This type of PCB actuator has garnered interest as a manipulation platform for small scale manufacturing. Kevin Lynagh has written an excellent summary of the prior art on his blog page.

The Wikipedia article on Diamagnetism describes the phenomena with the following:

"Diamagnetic materials are repelled by a magnetic field; an applied magnetic field creates an induced magnetic field in them in the opposite direction, causing a repulsive force. In contrast, paramagnetic and ferromagnetic materials are attracted by a magnetic field. Diamagnetism is a quantum mechanical effect that occurs in all materials; when it is the only contribution to the magnetism, the material is called diamagnetic."

Pyrolytic graphite is a material that has been treated to produce a uniform and planar crystal structure.

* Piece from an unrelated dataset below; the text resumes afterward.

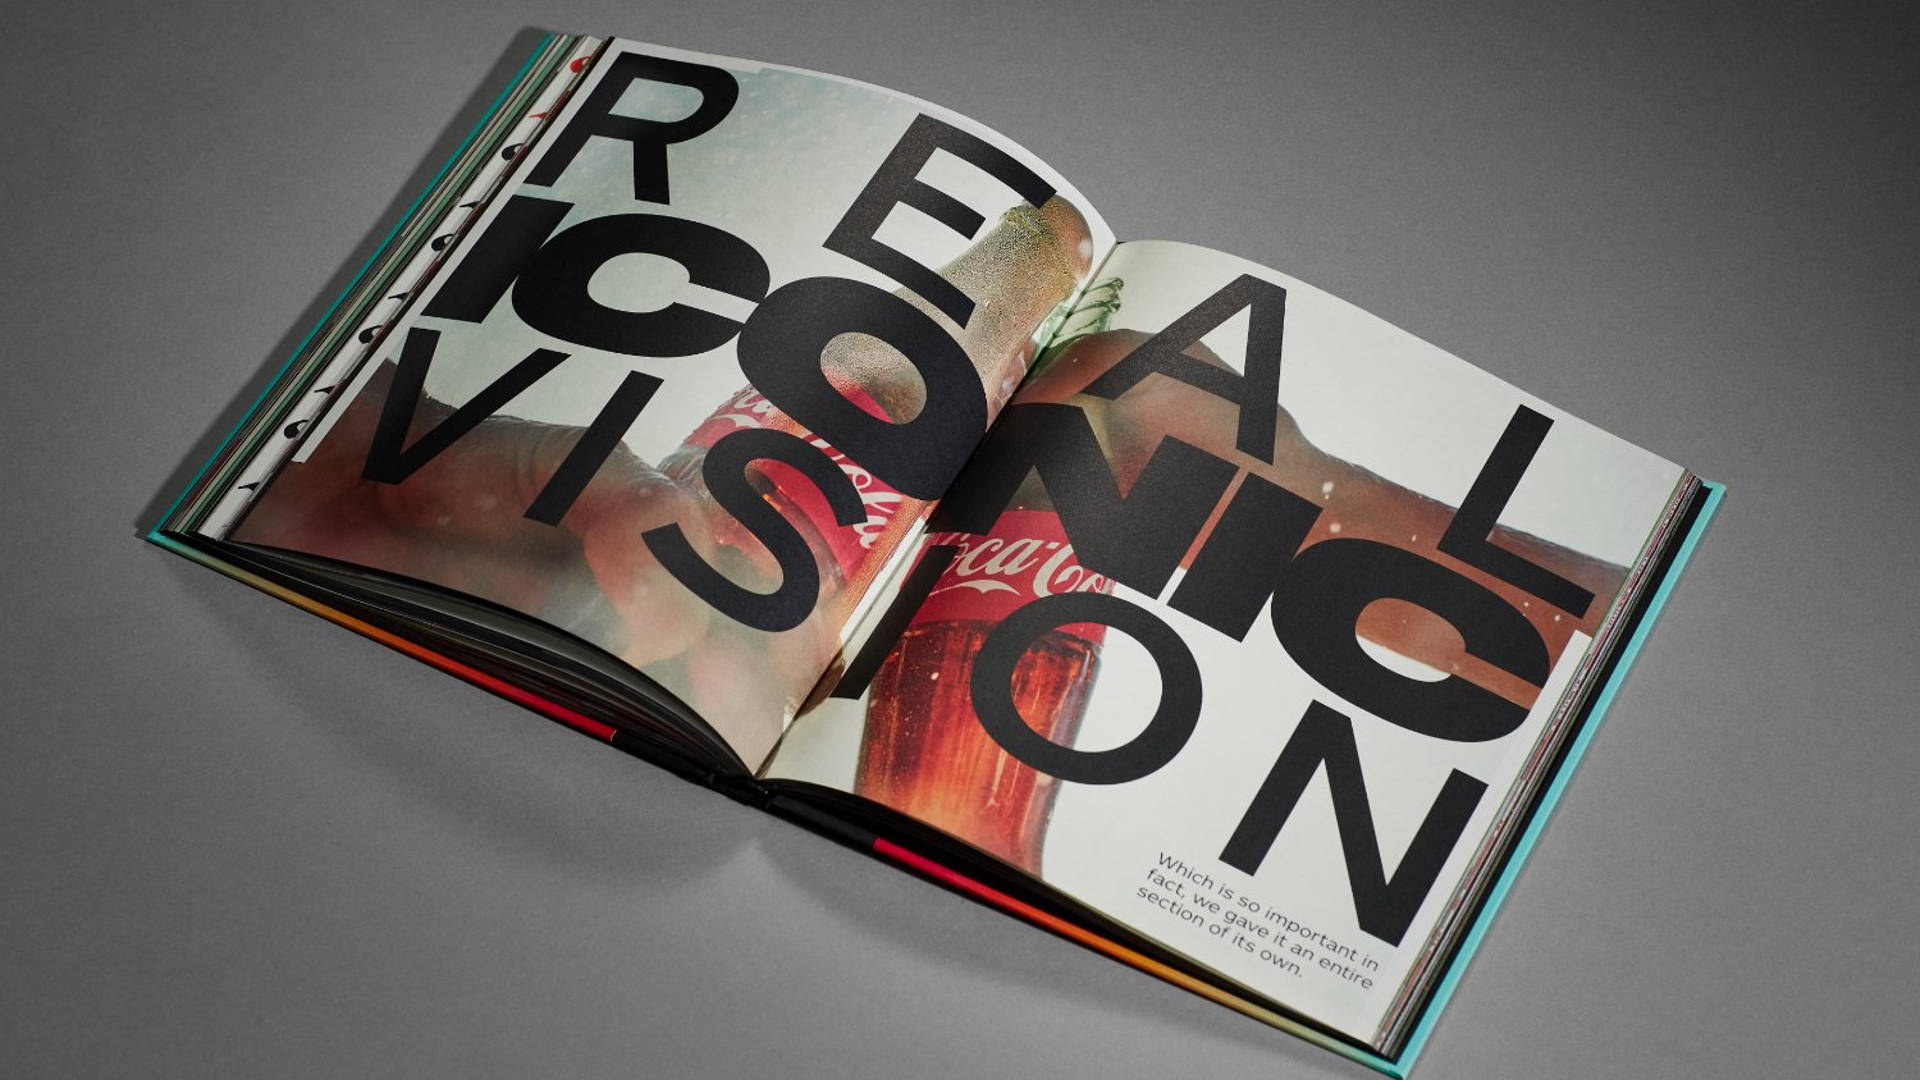 Featured image for The Coca-Cola Design Manifesto Traces The Brand's Design Vision For The Future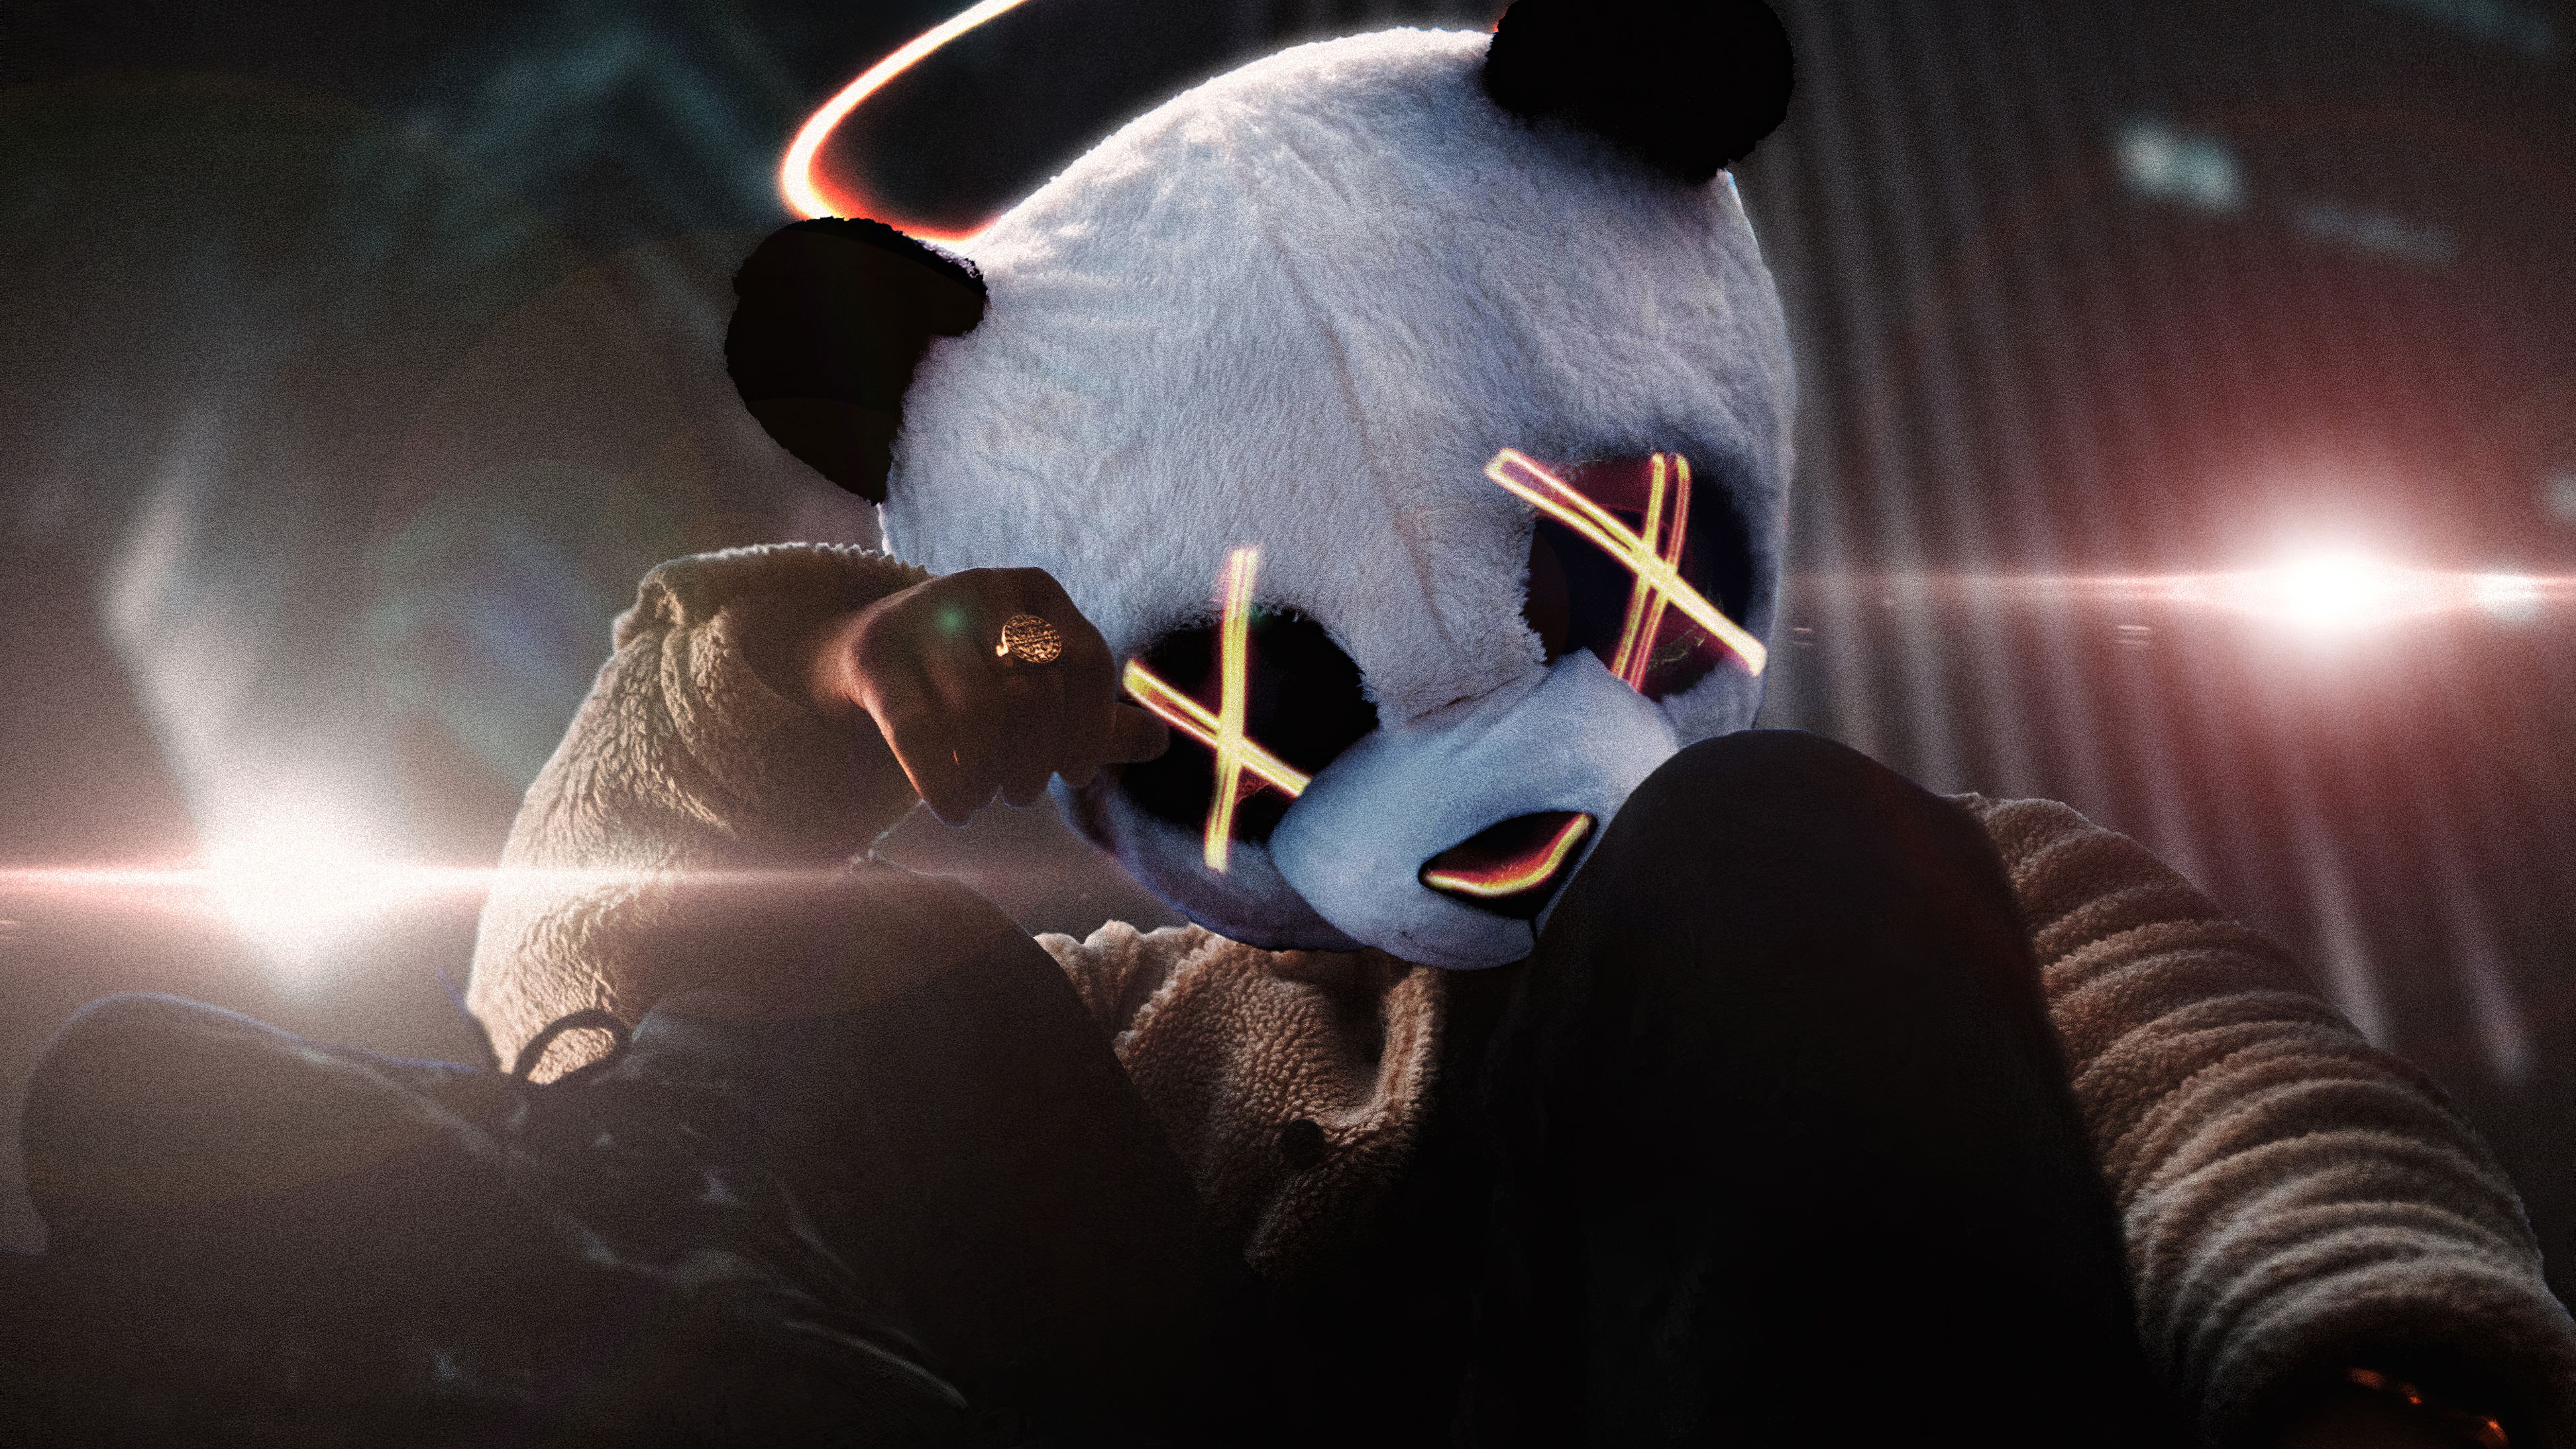 Mafia Panda 4k, HD Artist, 4k Wallpaper, Image, Background

This structure exhibits uniquely strong diamagnetic properties, and can be used to produce stable levitation on a very small scale. In a sense, the graphite becomes a magnet with the same polarity as the field facing.

The essential concept of this project is a small permanent magnet actuator which slides (or levitates!) around on an active planar base. This base is made of a printed circuit board with serpentine traces forming two loops on both the top and bottom layers. A way to think about this winding configuration is to imagine cutting open a stepper motor along its axis and unrolling it onto a plane. In a similar sense, the actuator can be controlled in much the same way as a set of two-phase stepper motors.

Below is an illustration of the proposed layer stack-up within the actuator bed.


I found it difficult to visualize some of the theory explained in previous literature on this design, so I created a simple visualization of the magnetic action of the device.

The Python package magpylib was used to calculate 3D static magnetic fields of the design which was simplified into line currents. Used in combination with matplotlib, I was able to produce these magnetic field projections.


The first board layout had the capability interface with cheap A4988 drivers, but I didn't have high hopes that they would be able provide enough power and so it was loosely designed and quickly abandoned. Header pins/wires can be soldered to holes at the bottom where the phases are labelled on the silkscreen.

Below is a close-up image showing the details of the edges of the perpendicular trace patterns.

Below is a picture of the sample of graphite I sourced from a suspiciously cheap vendor on eBay. Although it was listed as "pyrolytic", I am sure the material is low-grade in terms of its magnetic properties.

The picture below shows that my smallest (<5mm) N52 magnets can nearly be lifted off the surface by several layers of this graphite. The effect does not fully support it's weight, and is invisible except under particular lighting conditions such as in the photo below.